I limit my time out in the shop now. Instead of waiting most of the morning for the garage to warm up, I only work the hour before breakfast and I break my chores into chunks to fit the time. At least with that schedule, I get more computer work done in the afternoons.

There are other clues that our exceptional spring is being pushed aside. The roadside flowers I featured in earlier posts, have withered into dried grasses. The stately saguaro, one gluttonously plump with winter rain are undergoing transition to their impression of The Thin Man with their accordion folds compressing together. I wonder if the birds living in the giant cactus’ apartments notice their shrinking floor space.

Prickly Pear and Bagdad Hills
The setting sun shines on a prickly pear cactus and hills near Bagdad, Arizona.

Even the creosote is changing. A month ago they were full of yellow buds and the open spaces between washes were fields of light green resembling dense crops. Their flowers have turned into tiny gray fuzz-balls and the bush begins shedding leaves. They’re conserving water so they can survive out in the summer sun.

Kirkland Valley Sky
The setting sun lights up a line of clouds over Kirkland Valley.

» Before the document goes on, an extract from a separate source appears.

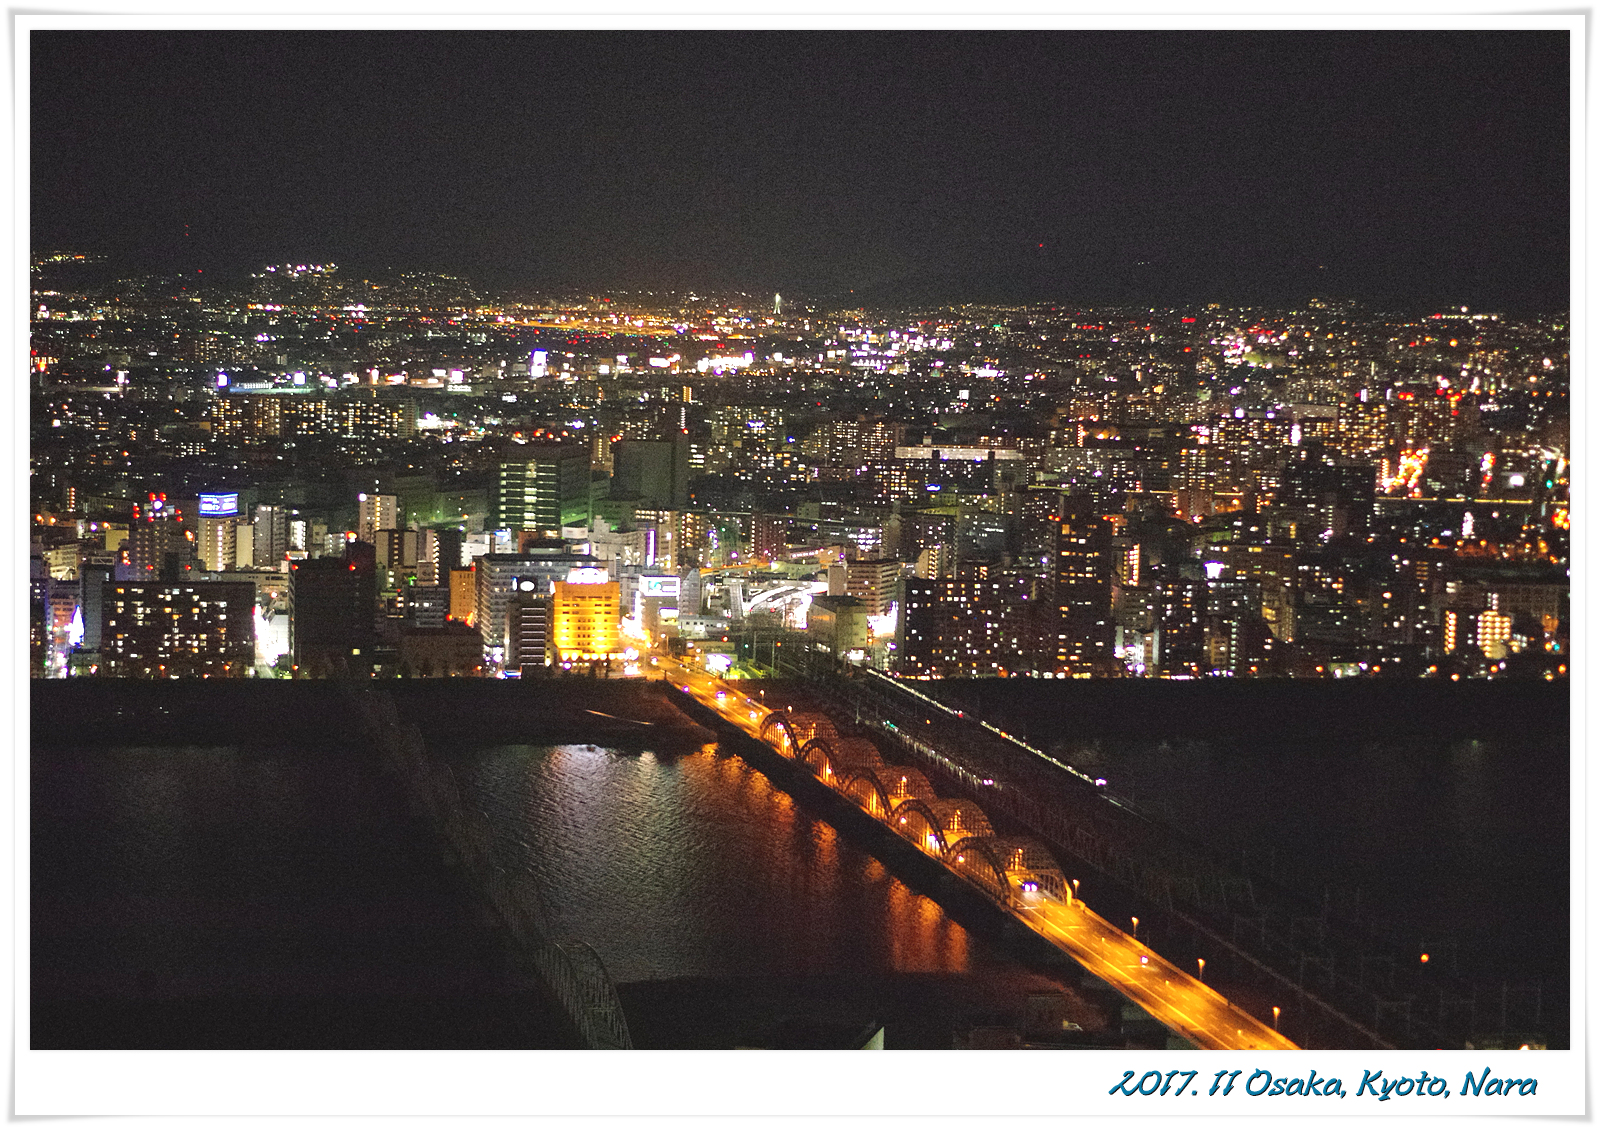 오사카 밤풍경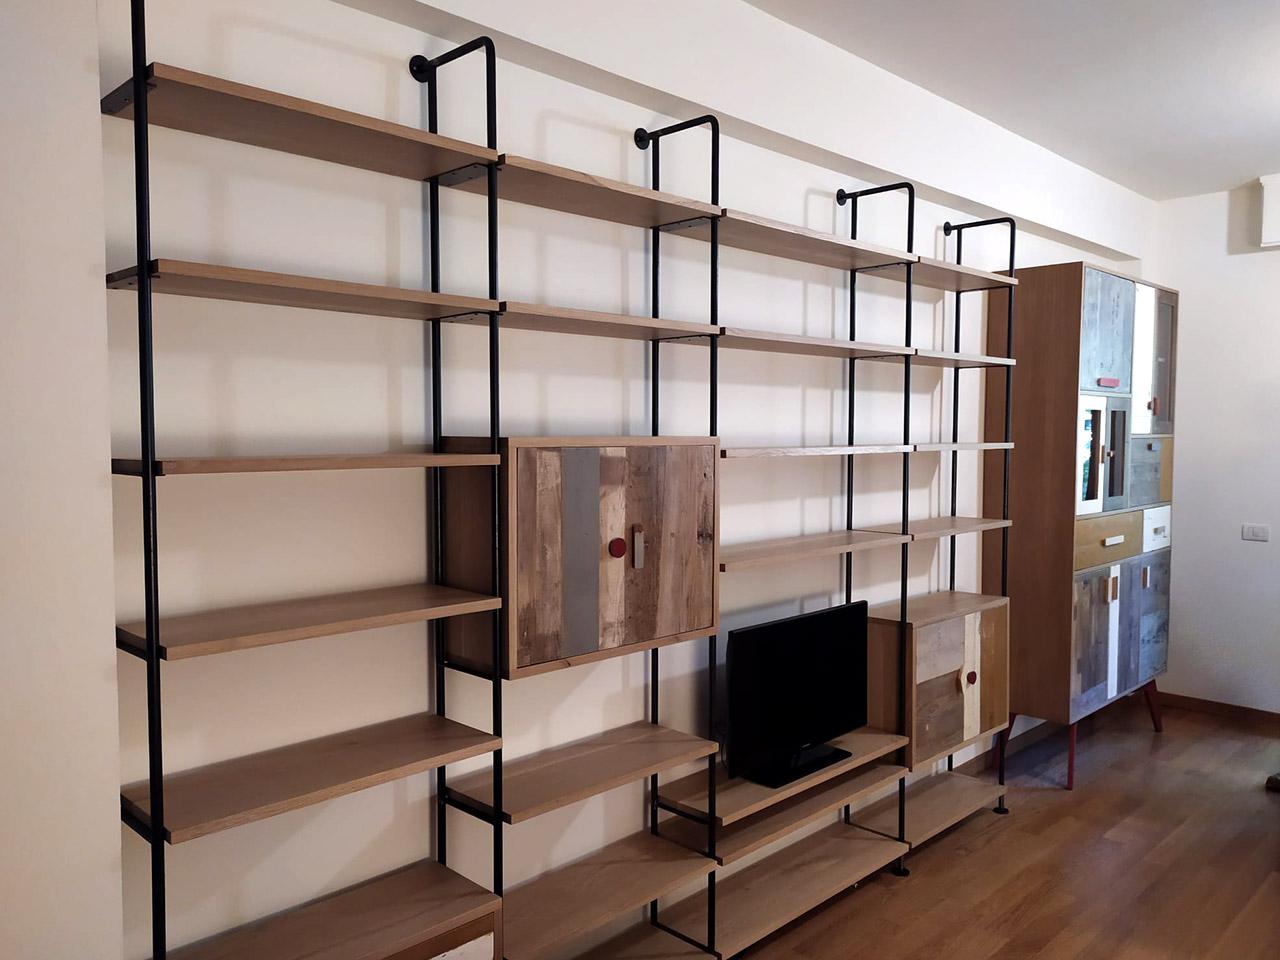 libreria in legno e ferro

I see out of my window that clouds are gathering above the Weaver Mountain Range. There will be no welcome rain from them today. There isn’t enough moisture in the air for them to swell into magnificent thunderheads. That will come in a couple of weeks when the winds change and bring humid air from the south, and that will be the real monsoon season start. Today’s clouds are just a promise of things to come.

Till then . . . jw

Back in the Saddle Again

It took a week for the drives to arrive from Amazon and only a couple hours to install and partition them. I spent most of the weekend organizing and restoring all of my files to their original locations. I haven’t done an exhaustive inventory, but it looks like pretty much everything is recovered now. That means that I can start moving forward again instead of treading water waiting for parts to get here.

I should have some new images up on the site later this week and I’ll have an announcement by then about the West of Center show at the Museum. Stay tuned to this channel . . . film at 11:00.

Till then . . . jw

New Showing at the Wickenburg Library

I see from the date of my last post, it’s been a while since I’ve written anything. I have a good reason. I’ve been working the last two weeks printing new images and making frames for them. I’ve worked my fingers to the bone and it’s a wonder that I can still type. The reason for printing and framing is for a show of my work at the Wickenburg City Library.

White Argentine Cactus Blossoms
White blossoms of an Argentine Cactus.

This afternoon I’m hanging a group of six new images in the library entry hall. The collection is a grouping of the cactus flower images I’ve taken over the last month. On my morning walks, I tried to capture the wide variety of colorful blossoms I saw along the way. Their colors were intense; almost surreal. It seem like it was only days before the beautiful flowers went to seed and but for a few stragglers, they’ve gone.

Claret Cup Cactus Flowers
The vibrant colored blossoms of a Hedgehog Cactus.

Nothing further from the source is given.